One other thing I might mention in this regard is that you'll see when we file our 10-Q, and we do this routinely with each of our filings, quarterly filings, you'll see that we had a hedge liability at the end of the quarter of about $500 million. With the decline in crude oil prices recently, that hedge liability today if we were to run the calculation today to determine the hedge liability, that liability would be closer to $300 million. So the liability itself has come down by roughly 40% since the end of the quarter.

Yves Siegel - Aroya Capital

Thank you, gentlemen.

Ed Cohen

Okay. Next?


And your next question comes from the line of Helen Weir of Lehman Brothers.

Helen Weir - Lehman Brothers

Yes, hi, good morning. I just had a quick question about the status of the Tenark pipeline project, how the negotiation with the shippers are going? If you could just give any updates there?

Bob Firth

This is Bob. We continue to negotiate with our shippers on the Tenark project. We held our open season. We continue to talk to them. We've also submitted another request for transportation to Southwestern. They're wanting additional capacity and they're anticipating another large commitment. So we've also made a bid to them for a pipeline as well as the Tenark. So we're continuing to negotiate with several parties.

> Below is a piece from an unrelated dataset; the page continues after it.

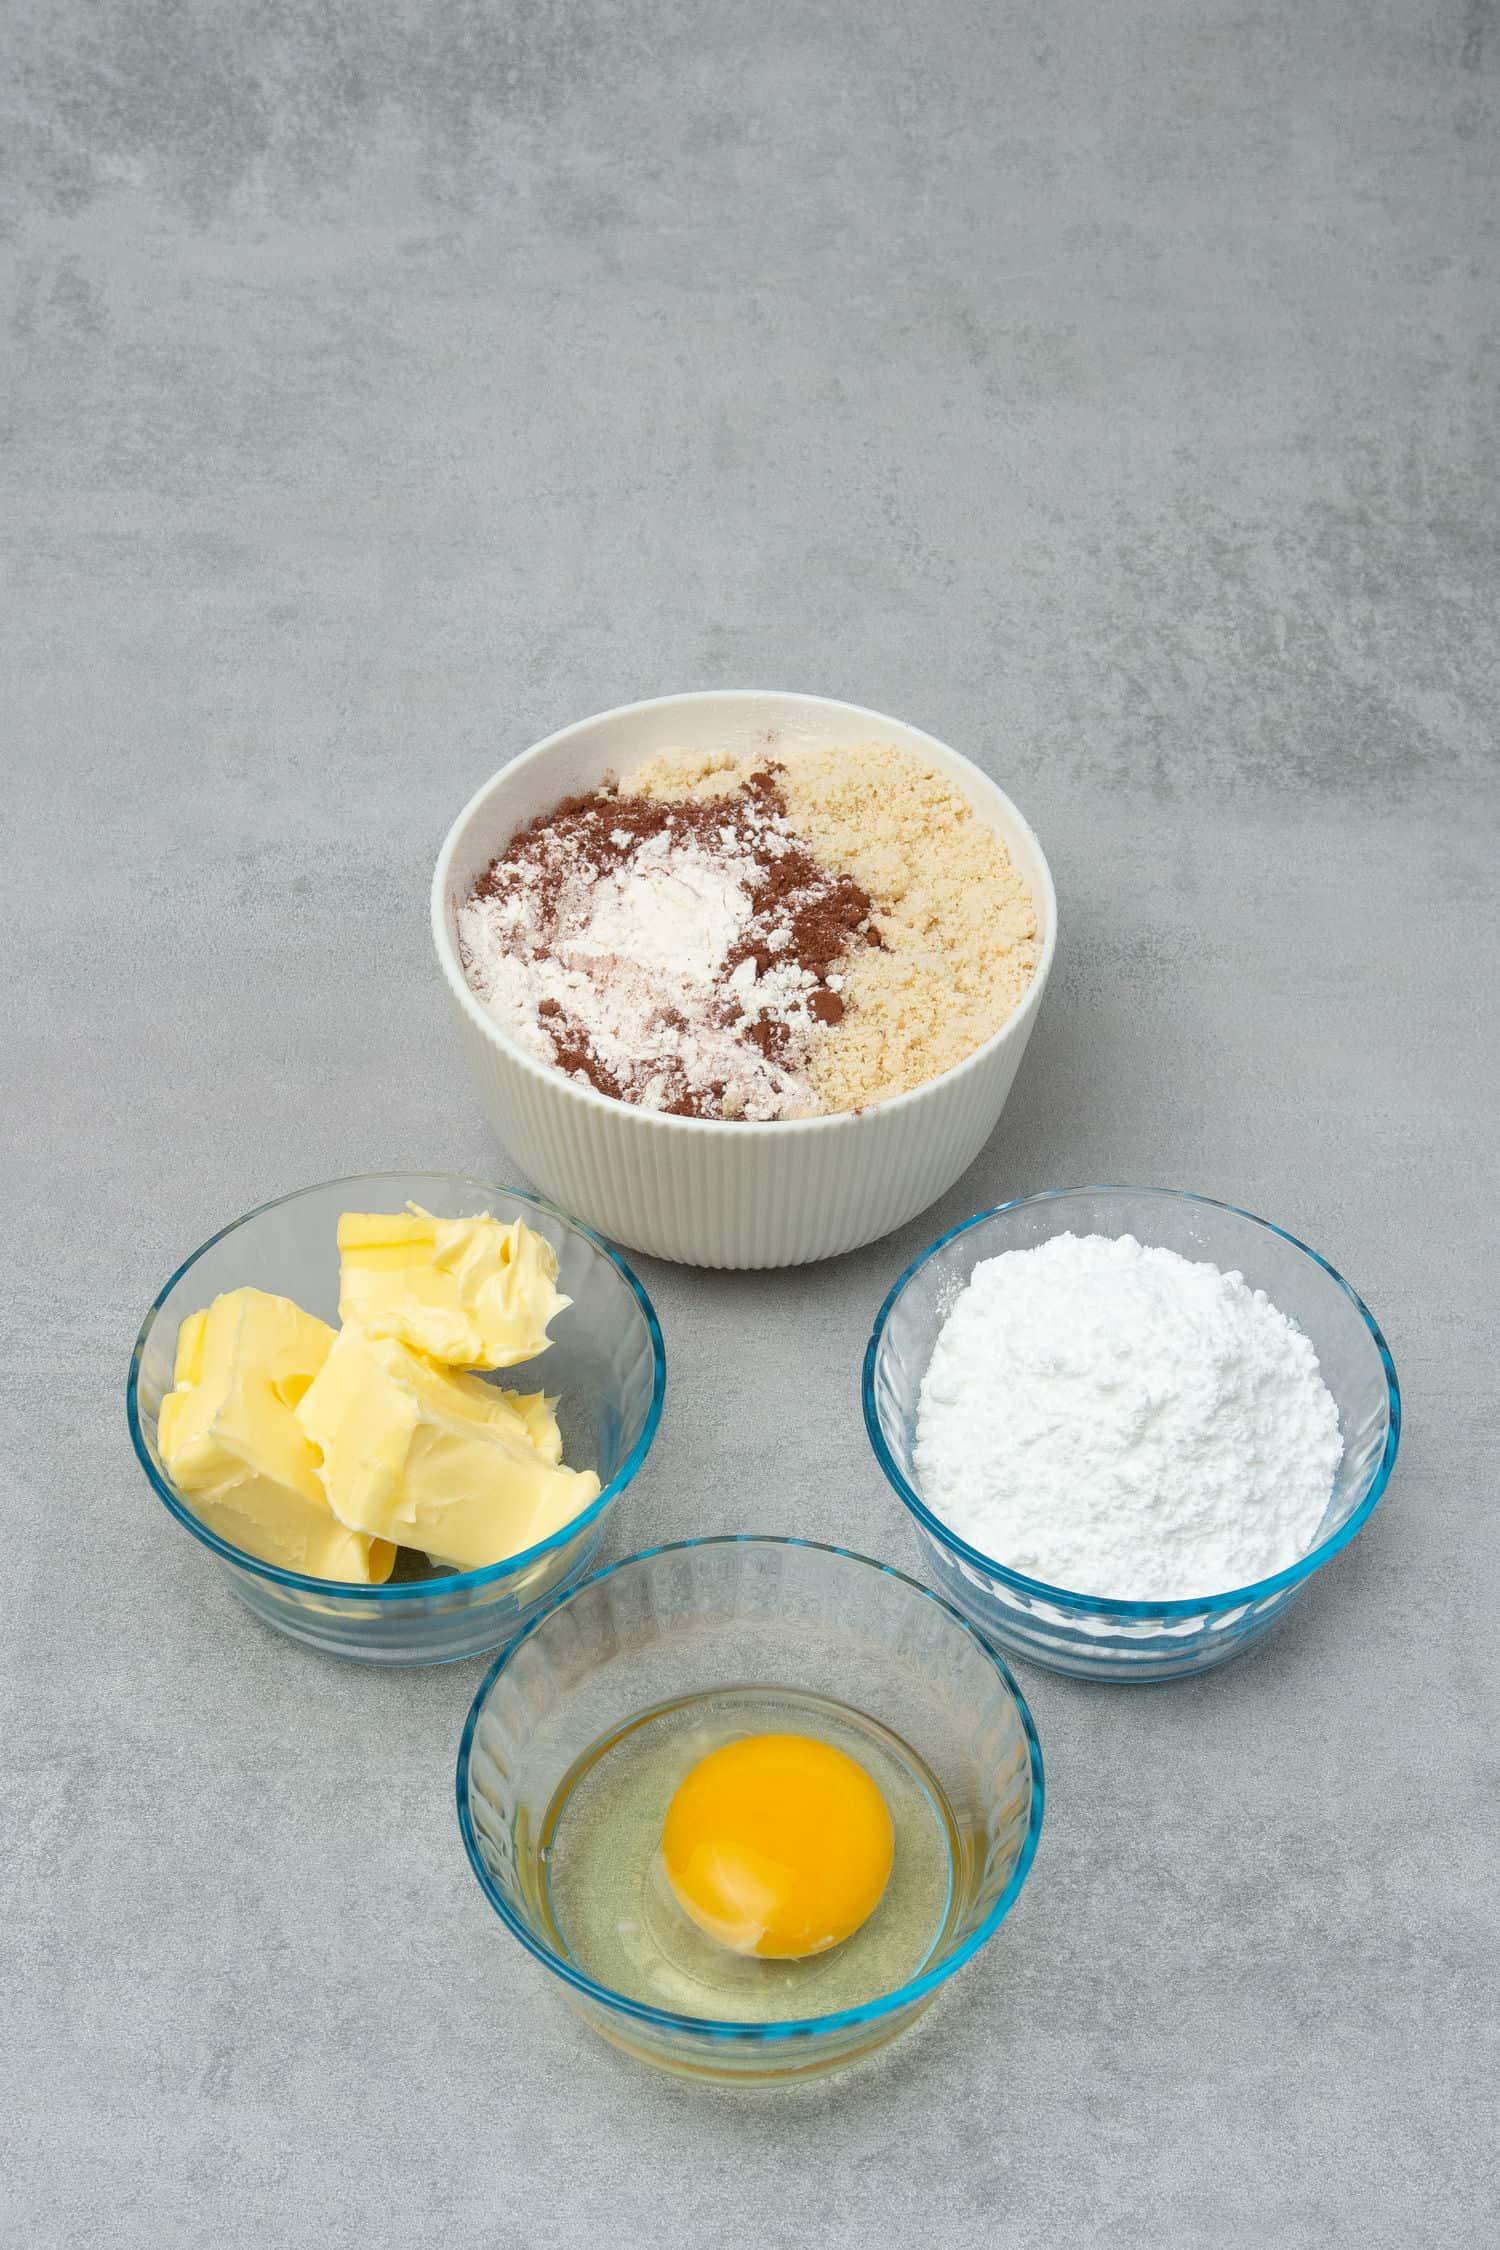 Chocolate Pâte Sablée ingredients

We also naturally will be offering transportation as soon as the Standing Rock compressor comes on because FERC requirements we'll open that up for people to take that transportation and we've had a number waiting in line for a while. We continue to work on a couple of smaller projects within the system that producers are wanting that will be additive to Ozark in the future. So that's kind of an overall summary working on a number of different projects there.

Helen Weir - Lehman Brothers

All right. Great. Thank you.


You have no further questions at this time.

Ed Cohen

All right, we thank everyone for their participation. And as you can hear, we are optimistic about the future and I hope that we will have as a result some really good things to report at conference call in about three months. Thank you all. Bye.


Ladies and gentlemen, thank you for your participation in today's call. This concludes the presentation. You may now disconnect. Good day.